Sounds to me Gigabyte is the problem lol

I have pity on the OP...


----------



## Space Lynx (Dec 29, 2022)

eidairaman1 said:


> Sounds to me Gigabyte is the problem lol



yep, my Gigabyte mobo's have given me nothing but headaches, never buying them again. I went back to MSI recently and it has been rock solid since day 1.


----------



## eidairaman1 (Dec 29, 2022)

Space Lynx said:


> yep, my Gigabyte mobo's have given me nothing but headaches, never buying them again. I went back to MSI recently and it has been rock solid since day 1.


I saw a 990 FXA-UD5 have 5 different revisions. To me it seems GA dgaf about it's user base.

This is why a new platform should be waited upon for 3-6 months. I'm sure intel has had faults with every release as amd has, but with the bias here it gets swept under the rug.

I say just RMA the damn cpu instead of continuing to bitch about it and move forward


----------



## GerKNG (Dec 29, 2022)

eidairaman1 said:


> Sounds to me Gigabyte is the problem lol


but another Zen 4 Chip runs 100% stable and overclocks well in the same system.



eidairaman1 said:


> I'm sure intel has had faults with every release as amd has


100% error free experience with every single architecture since the Pentium 4 550 (first HT chips)
only Anti Cheat software had issues with Alder Lake for a while and it clock stretched until another bios released a week after launch.
meanwhile on AMD i haven't had a single Ryzen System that was 100% functional. (FX and earlier was fine)

this is my personal CPU History (problems are listed as well)

AMD:
Phenom II X4 840
Phenom II X6 1100T
FX 6350
FX 8350
Ryzen 5 2600
Ryzen 7 2700x
Ryzen 5 3600 (CPU connected M.2 SSDs corrupt within minutes across all boards)
Ryzen 7 3800X (zero OC headroom. not even 25 Mhz PBO Offset)
Ryzen 5 5600
Ryzen 5 5600X
Ryzen 7 5800X (2x) (1x non stop crashing system across all boards)
Ryzen 7 5800X3D (2x) (1x died after 4 months)
Ryzen 9 5900X (2x) (1x unstable at idle on all boards)
Ryzen 9 5950X ( only runs 3600mb/s RAM in 1:2 Mode)
Ryzen 9 7950X (unstable at stock speeds in SC loads on Core 0,2,4,6 and 14)

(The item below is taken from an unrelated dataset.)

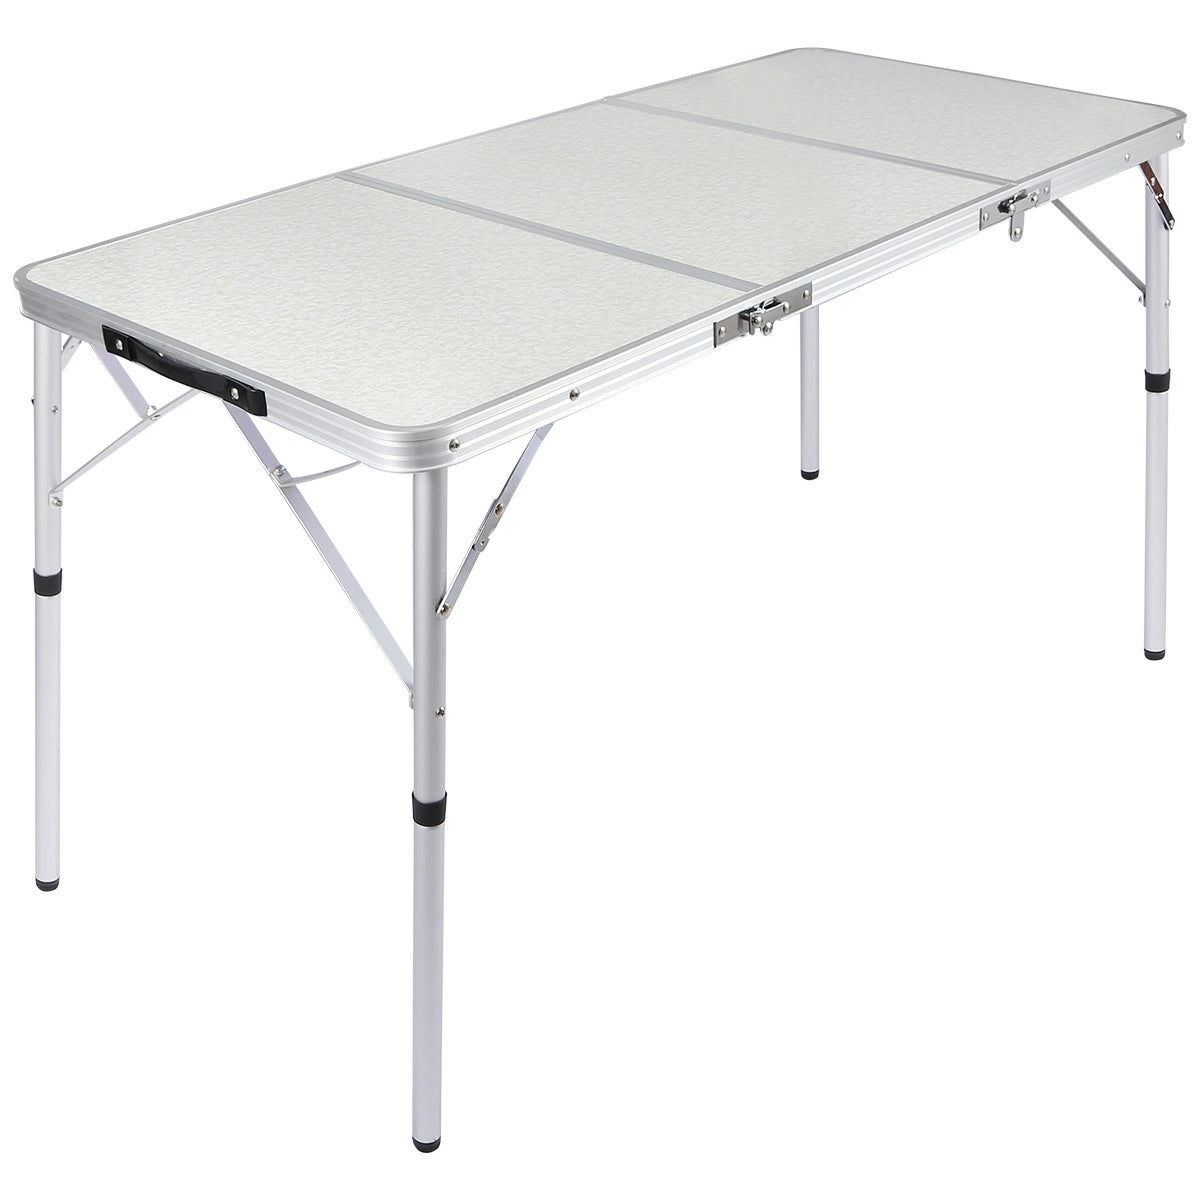 Portable Tri-Fold Aluminum Camping Table with Adjustable Heights, 4ft/6ft

Meanwhile all my Intel CPUs:
Intel:
Pentium 4 550
Core 2 Duo E6400
Core 2 Quad Q6600
Core i5 2500K
Core i5 4690
Core i5 4690K (killed on my first delid attempt)
Core i7 4790
Core i7 4770K
Core i5 6600K
Core i7 7700K
Core i5 8600K
Core i7 8086K
Core i5 9600K
Core i9 9900K
Core i5 10400F
Core i5 10600KF
Core i7 10700K
Core i9 10900F
Core i9 10850K
Core i9 10900KF
Core i5 11600K
Core i3 12100F
Core i5 12600K
Core i7 12700K
Core i7 13700K
not a single dud and 100% stable.

Ryzen is the culprit. just like everything after GCN 5/Polaris which was so awful and beyond broken that not even fanboys defended it anymore.


----------



## The King (Dec 29, 2022)

GerKNG said:


> but another Zen 4 Chip runs 100% stable and overclocks well in the same system.


Oh really? No credit should go to AMD here I guess for a 100% stable CPU that overclocks clocks well.


----------



## AusWolf (Dec 29, 2022)

I still don't understand.

1. You concluded the CPU was faulty after it failed your own CO settings, and only then you reverted back to stock. Did you try it at stock before you applied CO by any chance?
2. What about a BIOS update? My board was an absolute mess before AGESA 1.0.0.4, but now it's fine.
3. What are your RAM settings and SoC voltage?
4. Have you tried the CPU in a different board?

I mean no offense, but I see a typical case of senseless overclocking, and then blaming the CPU for failing. I've never ever had a CPU fail on me in the 20 years I've been building PCs.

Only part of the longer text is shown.